Dictionaries take up a large amount of storage space and grow in size as the
training set grows. Instead of growing the vectors along with a dictionary,
feature hashing builds a vector of pre-defined length by applying a hash
function `h` to the features (e.g., tokens), then using the hash values
directly as feature indices and updating the resulting vector at those
indices. When the feature space is not large enough, hashing functions tend to
map distinct values to the same hash code (hash collisions). As a result, it
is impossible to determine what object generated any particular hash code.

Because of the above it is impossible to recover the original tokens from the
feature matrix and the best approach to estimate the number of unique terms in
the original dictionary is to count the number of active columns in the
encoded feature matrix. For such a purpose we define the following function:

.. GENERATED FROM PYTHON SOURCE LINES 164-177

.. code-block:: Python


    import numpy as np


    def n_nonzero_columns(X):
        """Number of columns with at least one non-zero value in a CSR matrix.

        This is useful to count the number of features columns that are effectively
        active when using the FeatureHasher.
        """
        return len(np.unique(X.nonzero()[1]))
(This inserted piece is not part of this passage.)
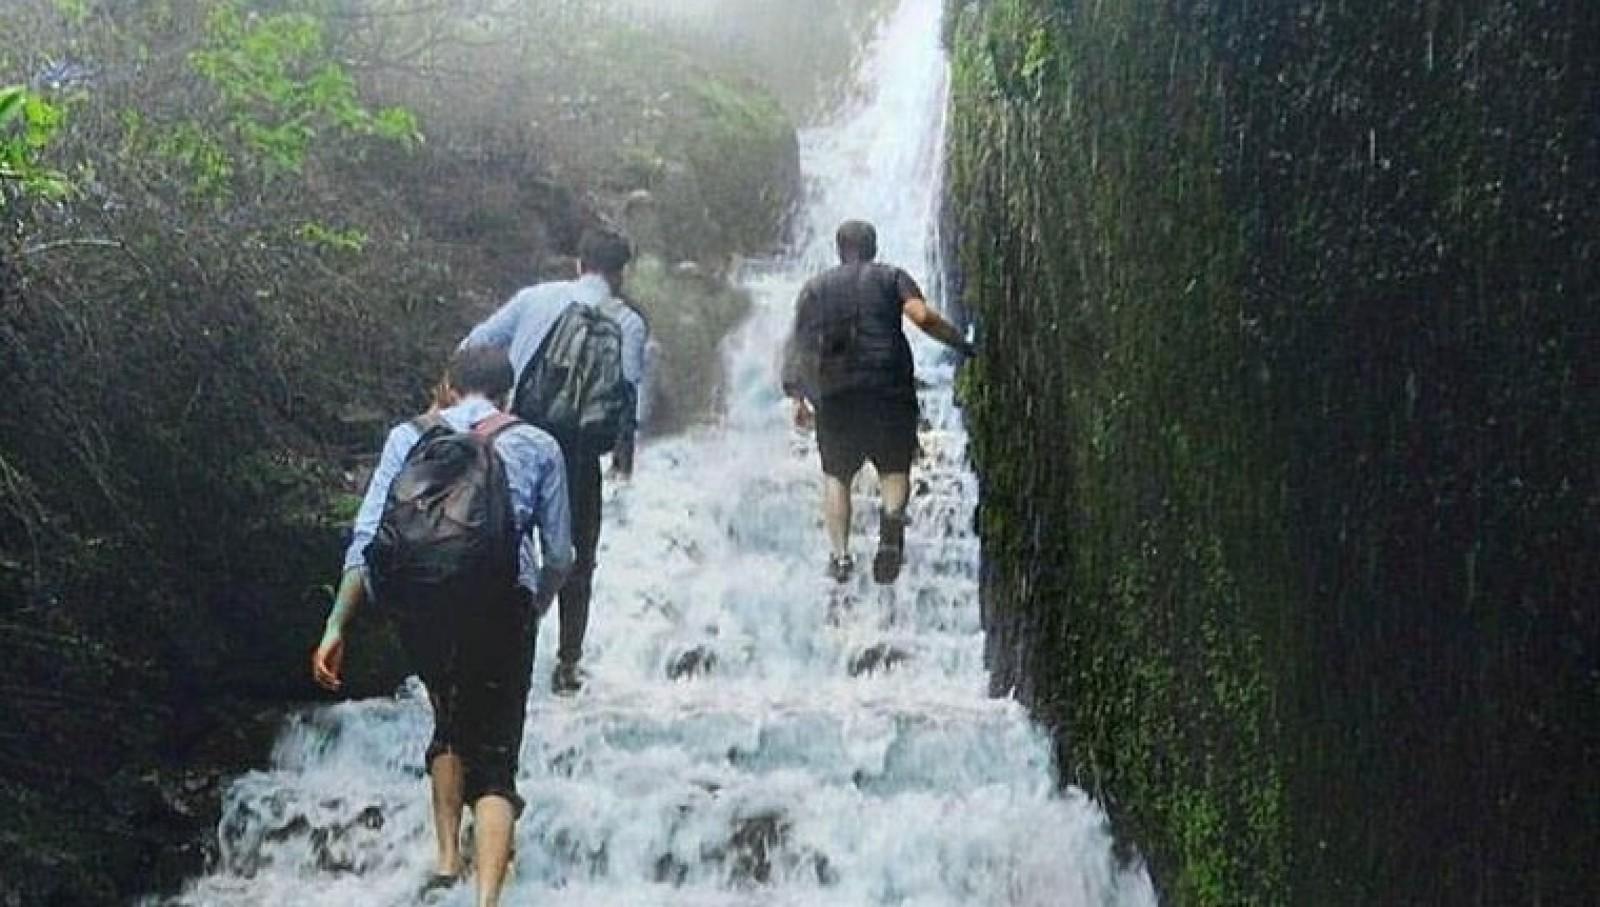 Visapur Fort Lonavala Mumbai Pune Trekking The Great Next

.. GENERATED FROM PYTHON SOURCE LINES 178-183

The default number of features for the
:func:`~sklearn.feature_extraction.FeatureHasher` is 2**20. Here we set
`n_features = 2**18` to illustrate hash collisions.
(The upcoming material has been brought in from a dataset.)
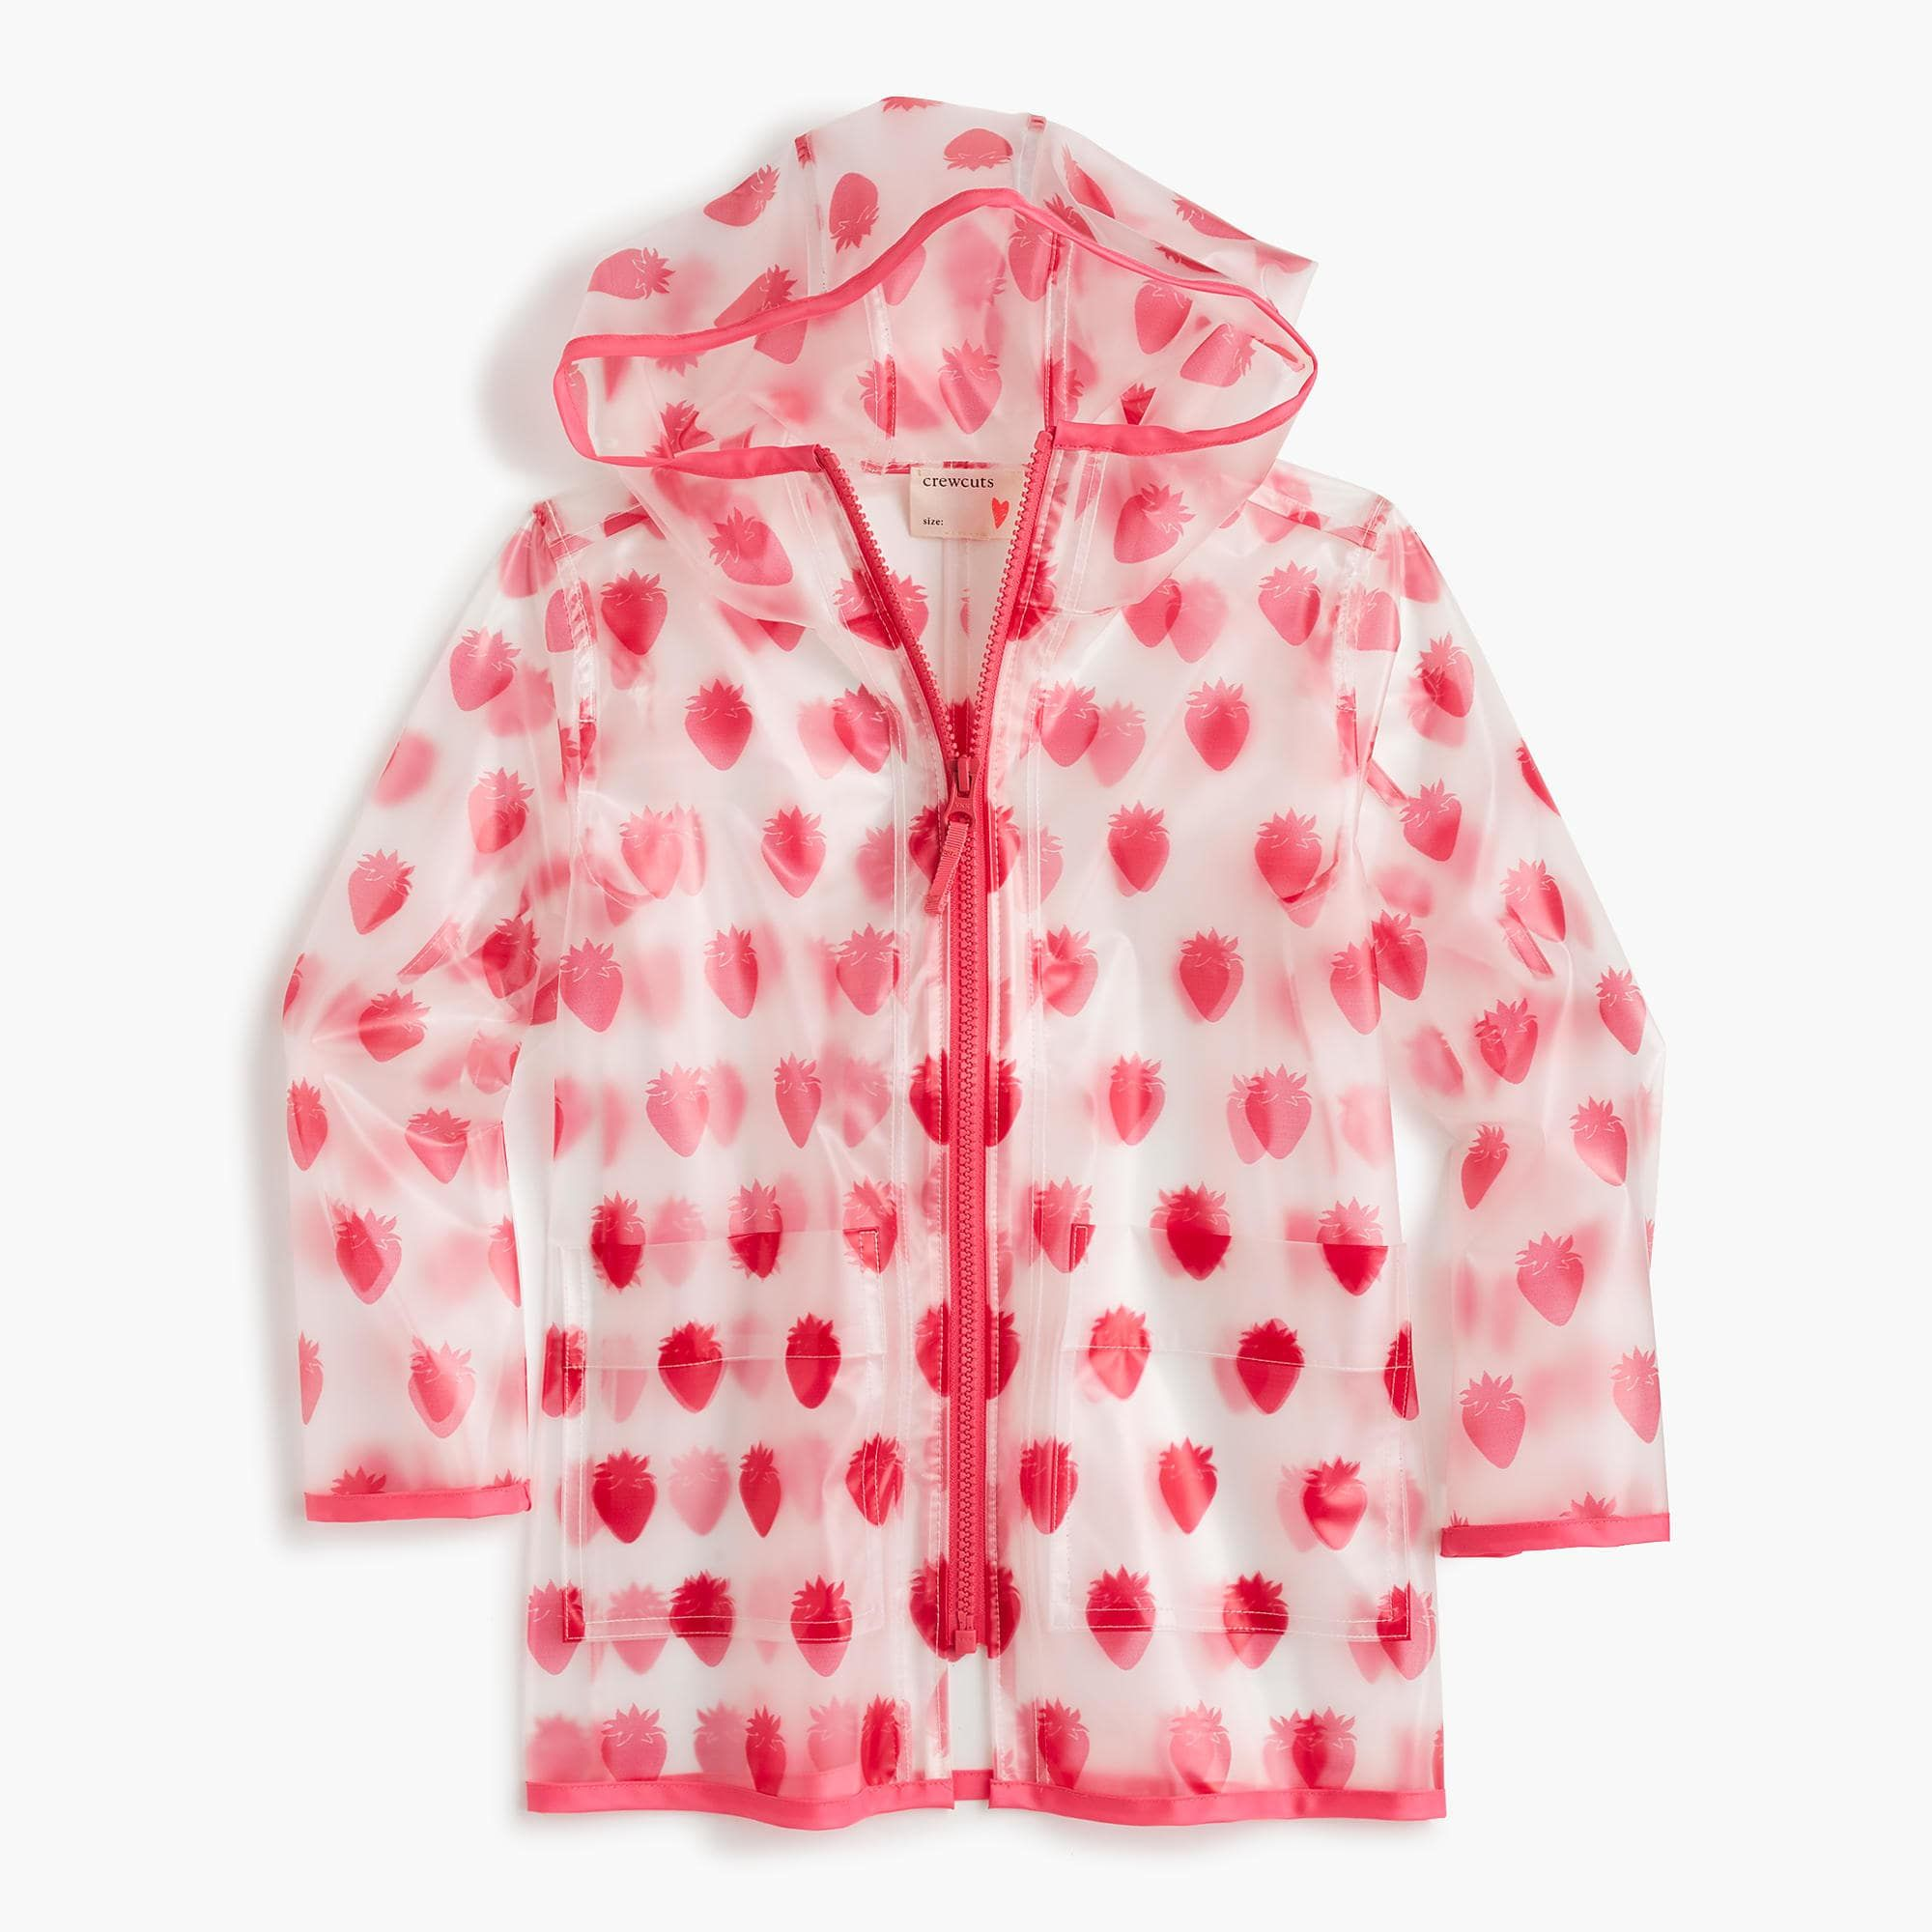 69fcd0d34f35 J.Crew - Kids  rain jacket in coral print

**FeatureHasher on frequency dictionaries**

.. GENERATED FROM PYTHON SOURCE LINES 183-197

.. code-block:: Python


    from sklearn.feature_extraction import FeatureHasher

    t0 = time()
    hasher = FeatureHasher(n_features=2**18)
    X = hasher.transform(token_freqs(d) for d in raw_data)
    duration = time() - t0
    dict_count_vectorizers["vectorizer"].append(
        hasher.__class__.__name__ + "\non freq dicts"
    )
    dict_count_vectorizers["speed"].append(data_size_mb / duration)
    print(f"done in {duration:.3f} s at {data_size_mb / duration:.1f} MB/s")
    print(f"Found {n_nonzero_columns(X)} unique tokens")





.. rst-class:: sphx-glr-script-out

 .. code-block:: none

    done in 0.576 s at 10.8 MB/s
    Found 43873 unique tokens




.. GENERATED FROM PYTHON SOURCE LINES 198-208

The number of unique tokens when using the
:func:`~sklearn.feature_extraction.FeatureHasher` is lower than those obtained
using the :func:`~sklearn.feature_extraction.DictVectorizer`. This is due to
hash collisions.

The number of collisions can be reduced by increasing the feature space.
Notice that the speed of the vectorizer does not change significantly when
setting a large number of features, though it causes larger coefficient
dimensions and then requires more memory usage to store them, even if a
majority of them is inactive.

.. GENERATED FROM PYTHON SOURCE LINES 208-217

.. code-block:: Python


    t0 = time()
    hasher = FeatureHasher(n_features=2**22)
    X = hasher.transform(token_freqs(d) for d in raw_data)
    duration = time() - t0

    print(f"done in {duration:.3f} s at {data_size_mb / duration:.1f} MB/s")
    print(f"Found {n_nonzero_columns(X)} unique tokens")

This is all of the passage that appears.